> WHAT TO DO
The data below should be copied out exactly, with its pictures omitted.

> SUPPLIED DATA
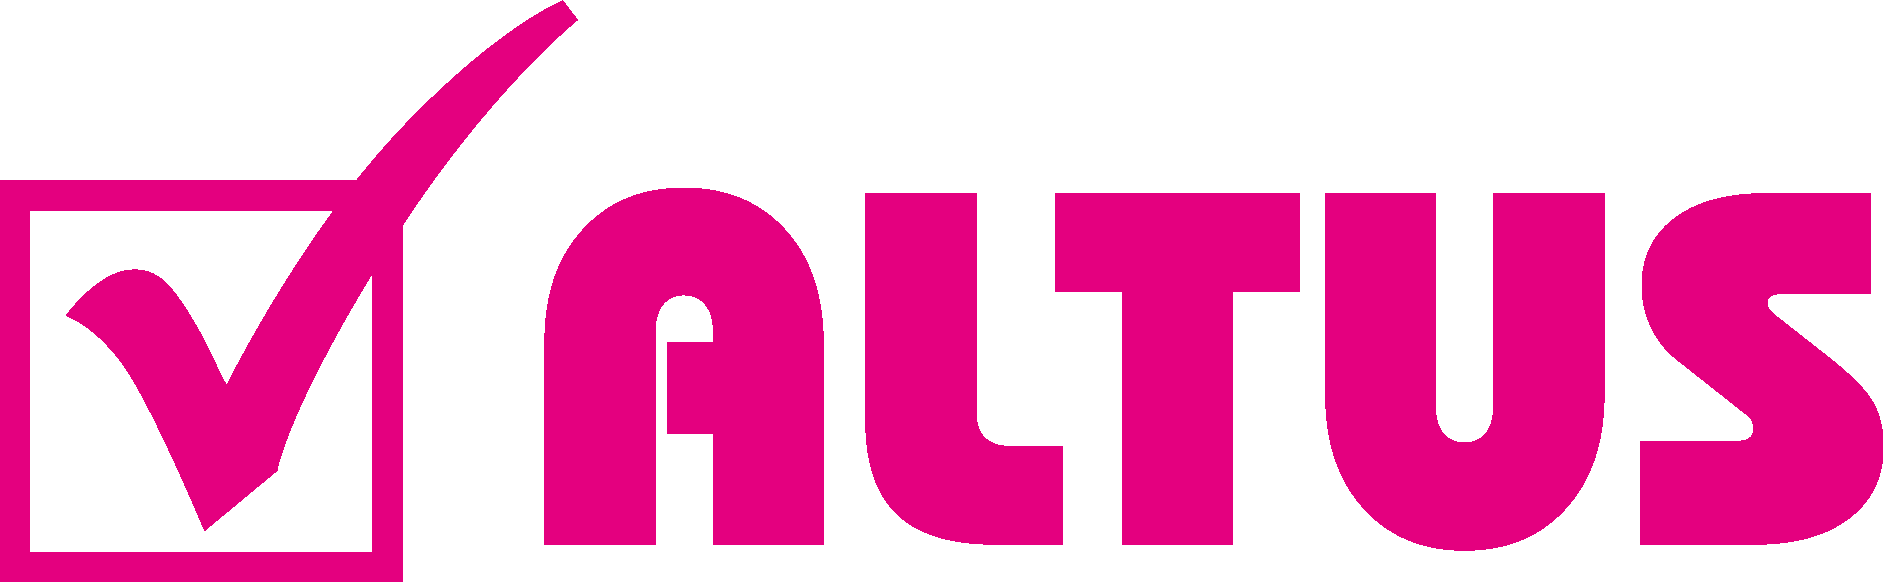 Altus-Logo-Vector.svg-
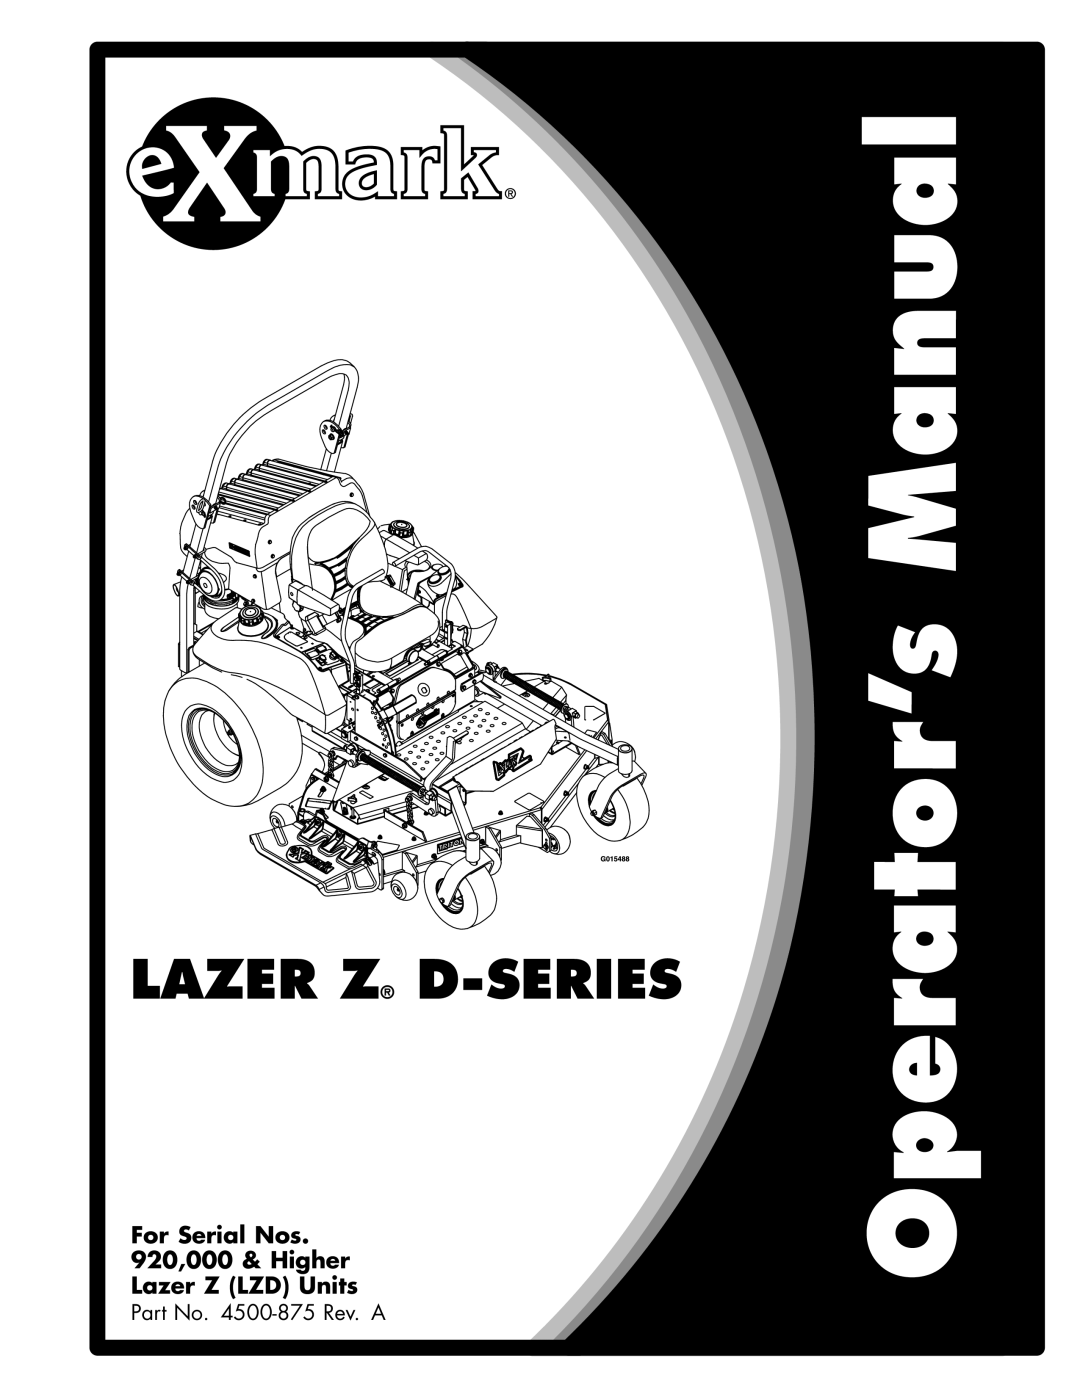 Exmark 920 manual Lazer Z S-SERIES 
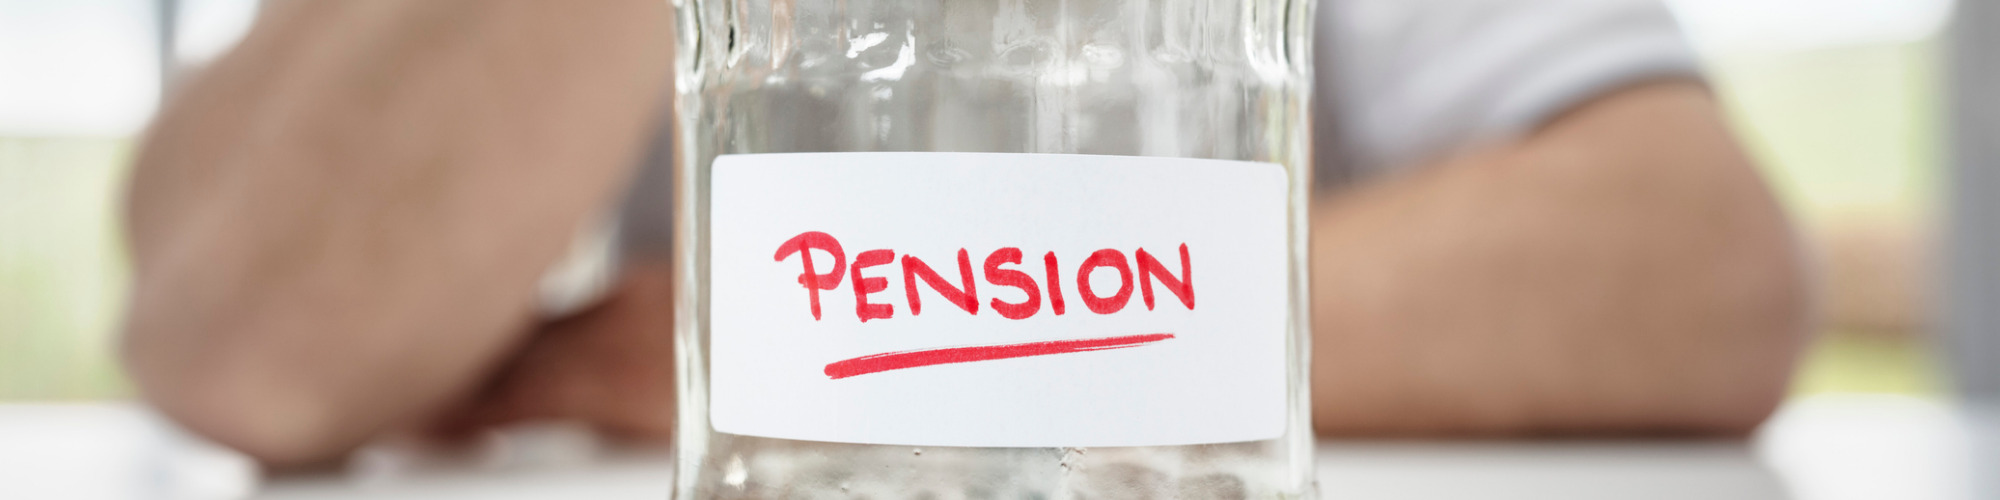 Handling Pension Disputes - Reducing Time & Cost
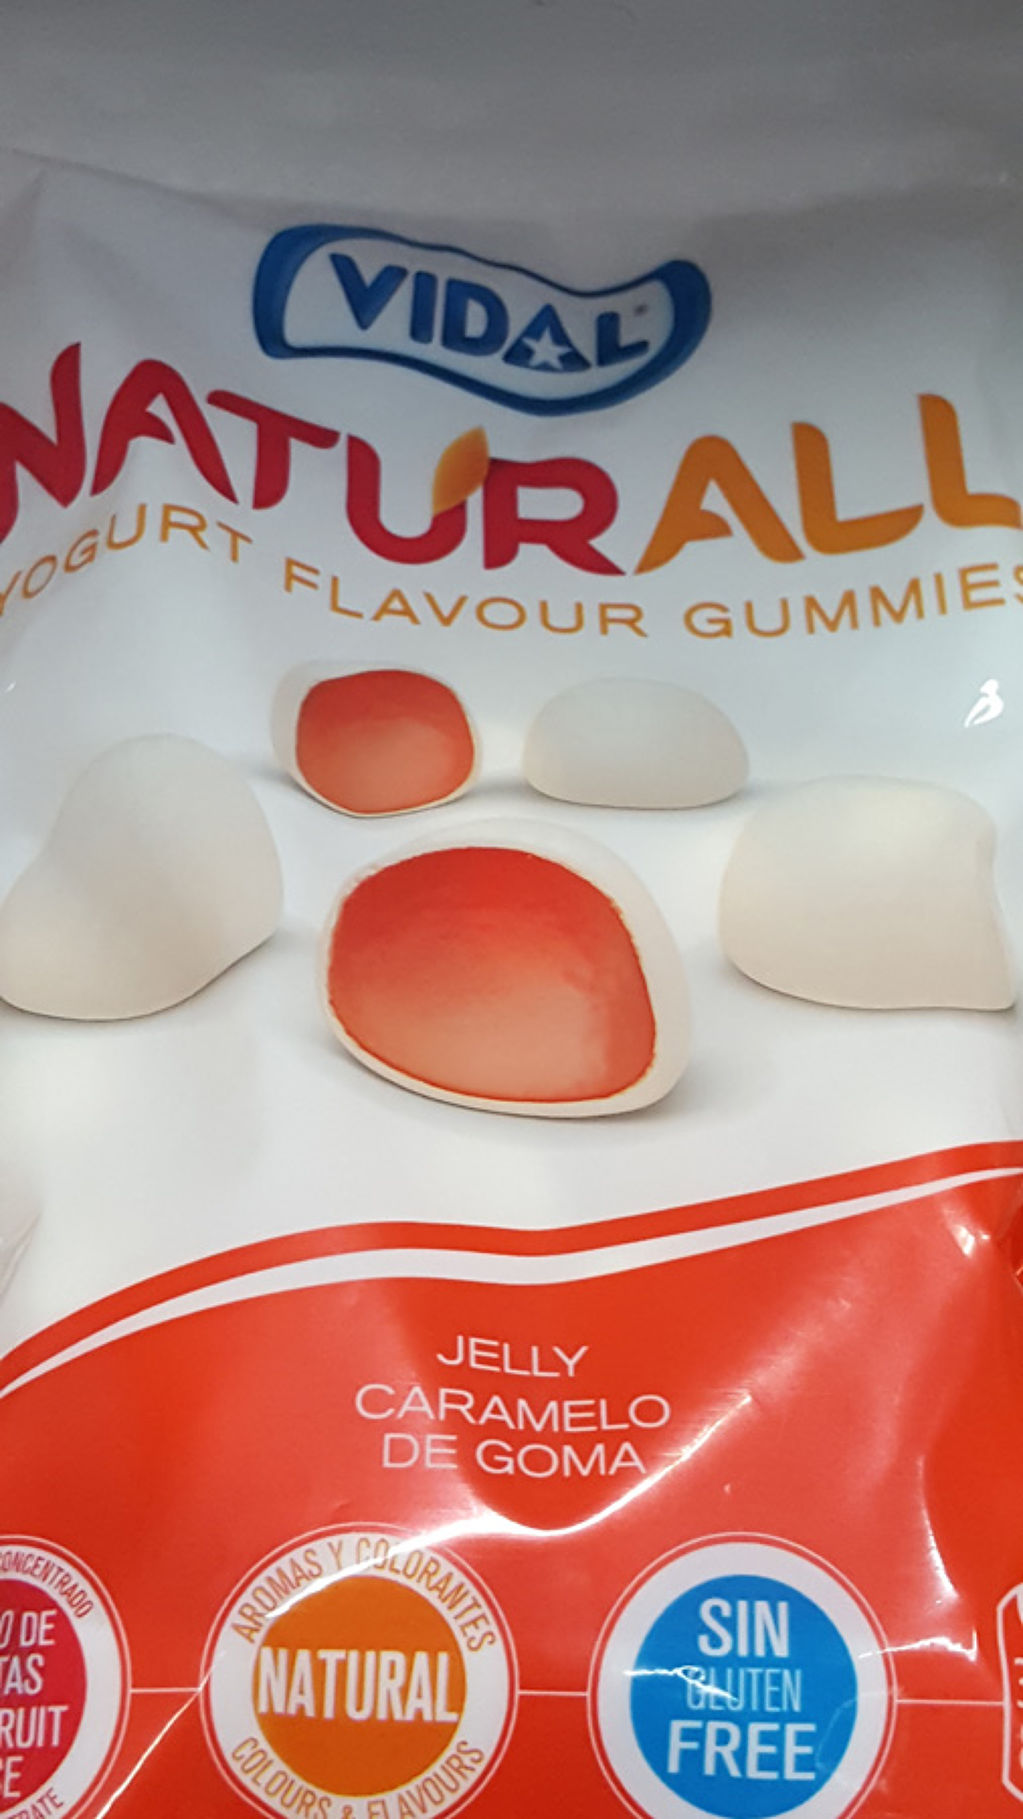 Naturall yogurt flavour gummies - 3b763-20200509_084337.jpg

> TASK ANSWER
 Altus-Logo-Vector.svg-
 Exmark 920 manual Lazer Z S-SERIES 
 Handling Pension Disputes - Reducing Time & Cost
 Naturall yogurt flavour gummies - 3b763-20200509_084337.jpg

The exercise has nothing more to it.